5 Replies Latest reply on Jul 1, 2011 5:47 AM by ronsen

    Failover performance

    ronsen

      Since the ability (ejb) to failover relies on the client side(if im not mistaken), the failover on a node crashing shouldnt be measurable or?

      The client downloads the dp-object and handles it itsself, so will there be a measurable "delay" if a servercrash occurs and it fails over to another node?

       

       

      My test was to deploy an ejb on 3 nodes and send counting numbers to the cluster. Whenever a node receives a number, it writes the receivment to the database whereas the database adds a timestamp, so that the times wont change according to the server clocks.

      So, whenever a failover occurs, there should be a measureable delay between No. X and Y, just in case it causes some.

       

      The result was, that theres (with nanosecs) actually none...

      Did I understand anything wrong or does a measureable delay only occurs if theres anything has to be restored from replicated data?

       

      Thanks in advance,

        • 1. Re: Failover performance
          wdfink

          The EJB loadbalancing and failover works with a client proxy and a server communication.

           

          The server communicate a shutdown or detect a full stop (e.g. complete hanging or looong full GC).

          A crash, e.g. JVM cored, is also detected.

          It depends on the situation how long it takes.

           

          Fact is

          - all Tx on the chrased server are not commited

          - the client proxy might hung for a few millis and try the next server of its list

          - the next server provide the new cluster view without the crashed server.

           

          So there is no measurable time for such failover in best case and only a few millis in worst.

          • 2. Re: Failover performance
            ronsen

            Thats means teh detection is done on serverside and the client will be informed?

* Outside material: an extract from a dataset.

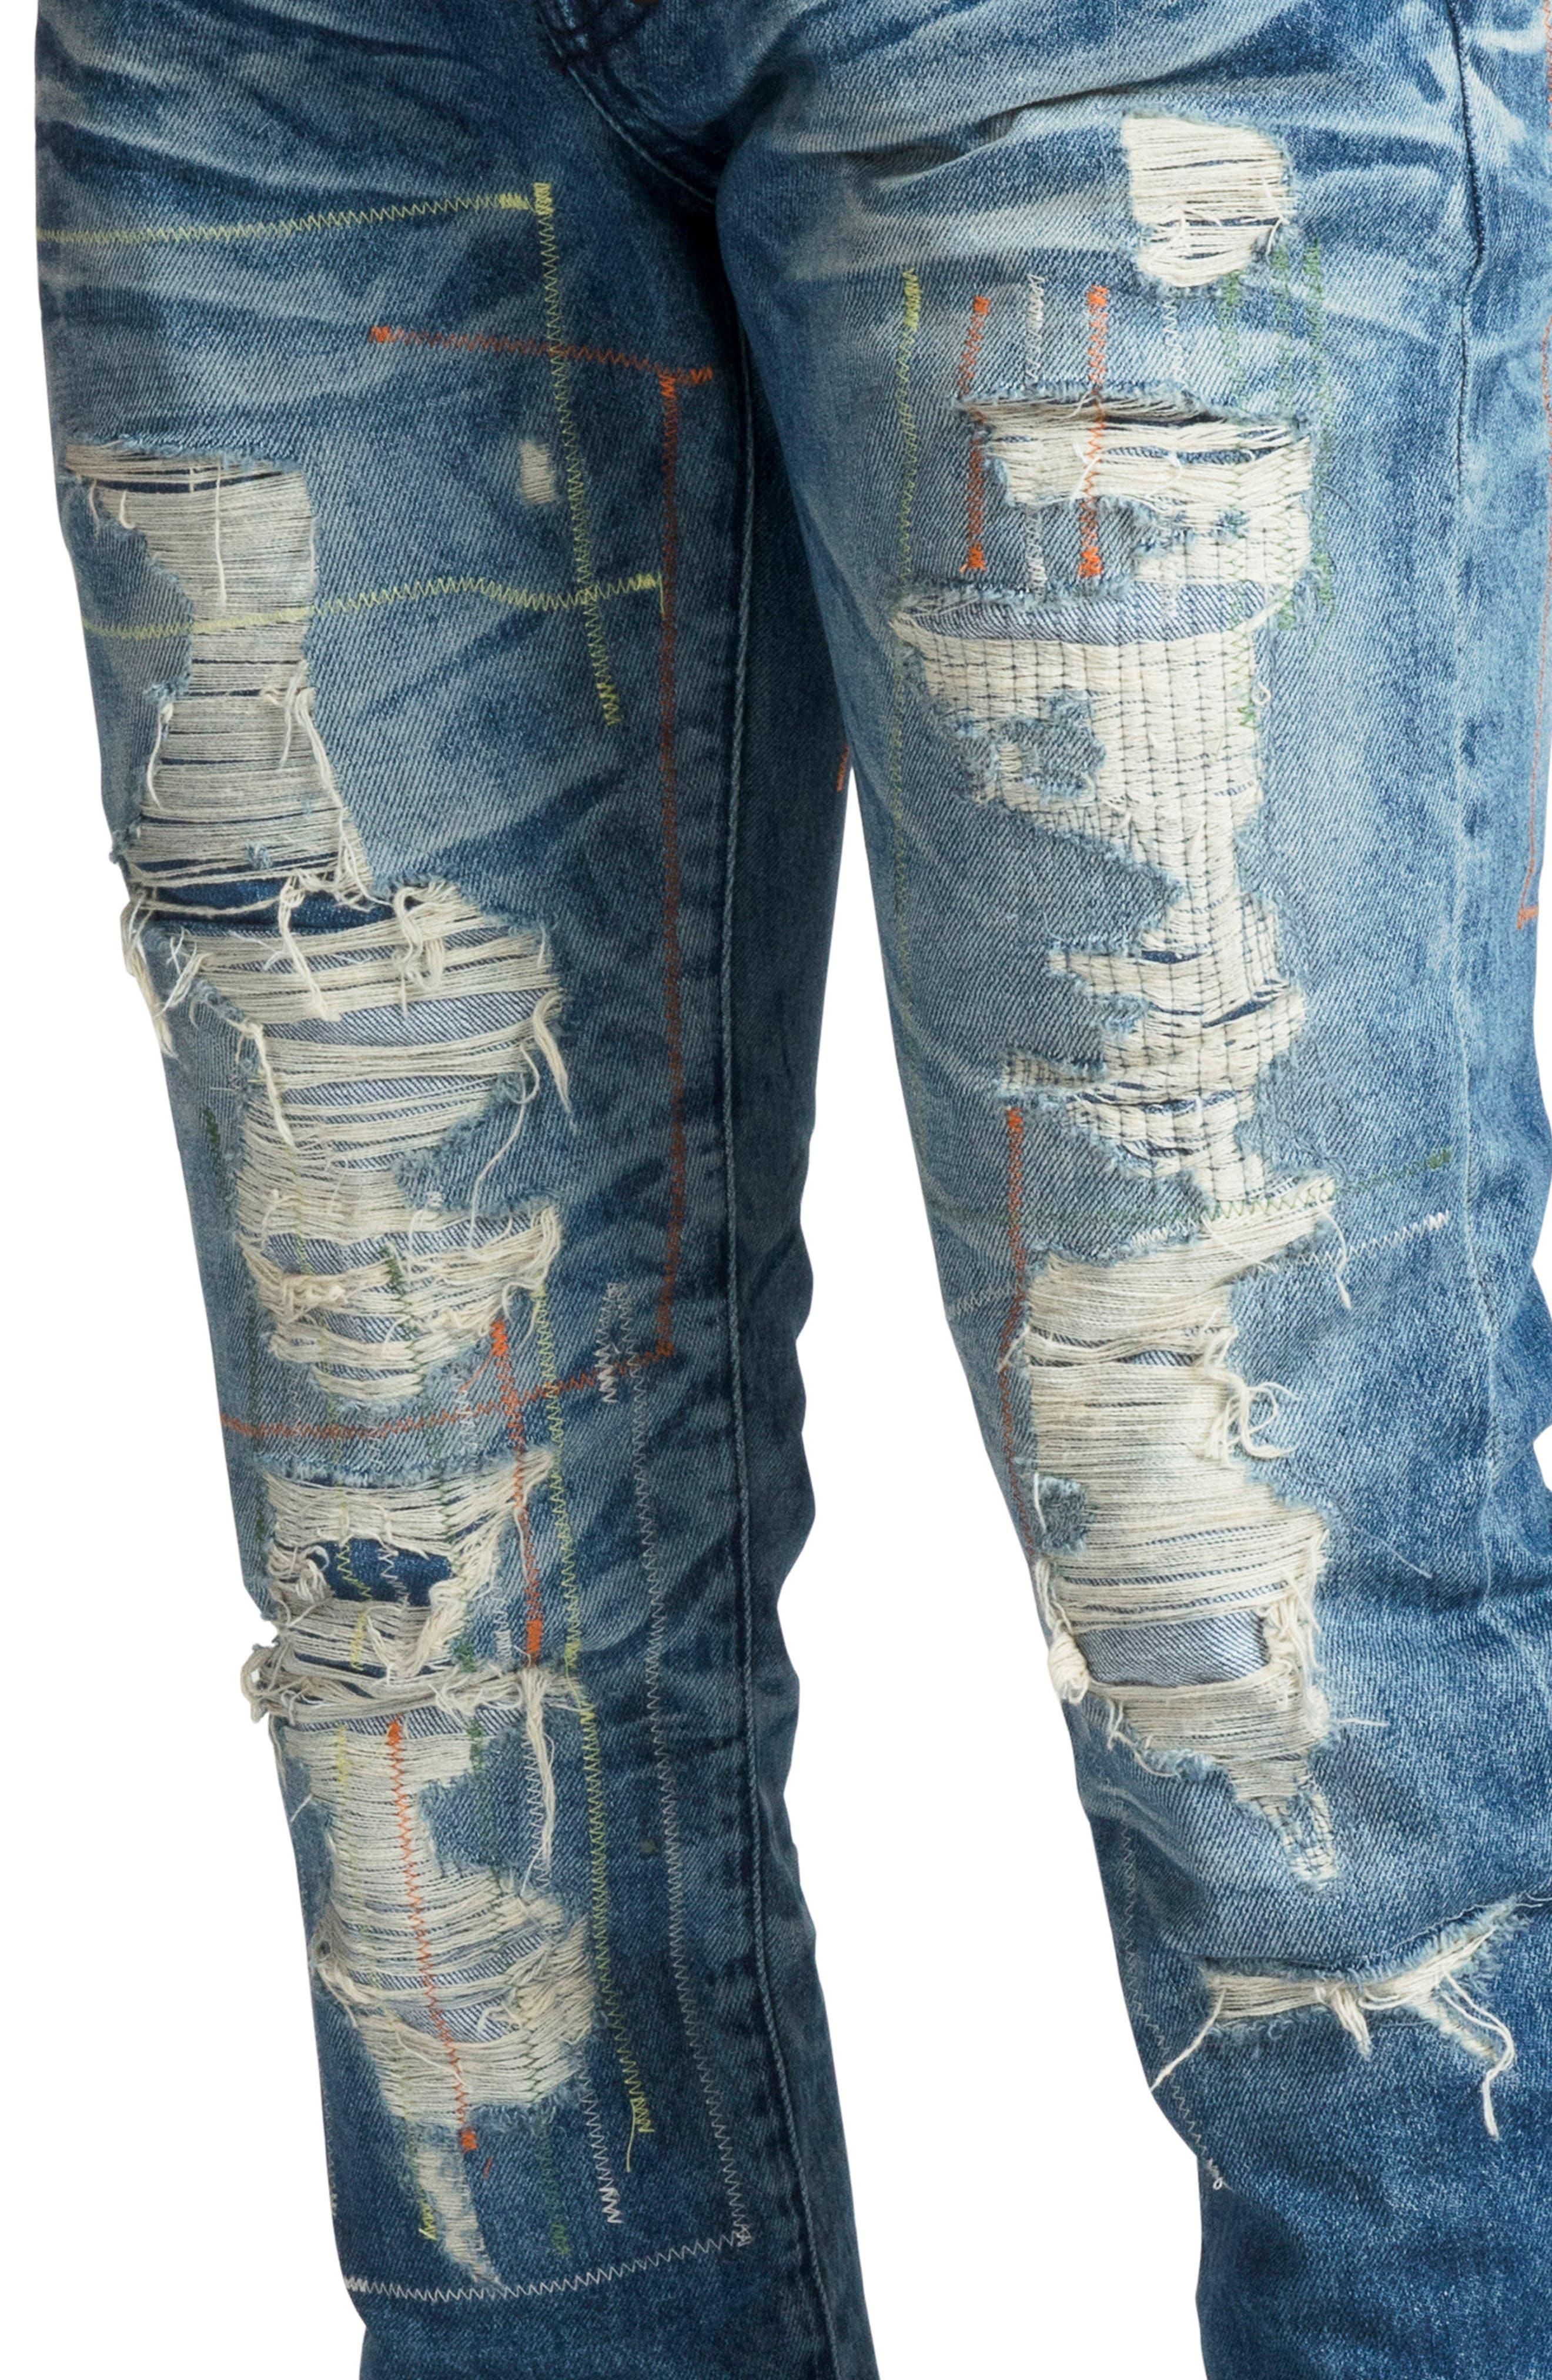 Le Sabre Slim Fit Jeans,                             Alternate thumbnail 4, color,                             COOING

            Because there must be at least a test for a connection to the crashed server, nothing comes back -> next server in list (DP). So there should be a measureable time for it?

             

            But yet, good to know, thanks for clarifying. But how about failover in case of session-replication would that be a measureable value?

            • 3. Re: Failover performance
              wdfink

              For the internal communication you should have a look to:

              http://community.jboss.org/wiki/Shunning

              http://community.jboss.org/wiki/FDVersusFDSOCK

              http://community.jboss.org/wiki/JGroupsPbcastGMS

              http://community.jboss.org/wiki/JGroupsFD

              You will find a lot of information about it works inside.

               

              With HTTP session-replication I do not work this time.

              I know that the most common way is a buddy-replication, only two nodes keep the state of the session.

              If the one where the session is connected fail an other server will process the next call. If this is not the 'buddy' the session must be copied to the current instance and this will take it's time depend to the size of the session data.

              • 4. Re: Failover performance
                ronsen

                Great, thanks. I'm going to take a look and this and will try to get on this with the replication

                • 5. Re: Failover performance
                  ronsen

                  Hey, can somebody probably (please only if you are sure ) why with the load-balancing policy randomRobin/RoundRobin, only the first nodes-1 requests are slow and afterwards everything becomes way faster? Is there something cached and will there be a timeout? when do these values will be invalidated?

                   

                  As an example, send counting numbers to a cluster with a round-robin policy with a 50ms pause in between and measure the amount of time it takes to print the first clustersize-1 values. I discovered that it increased by a factor of ~4

                   

                  thanks a lot,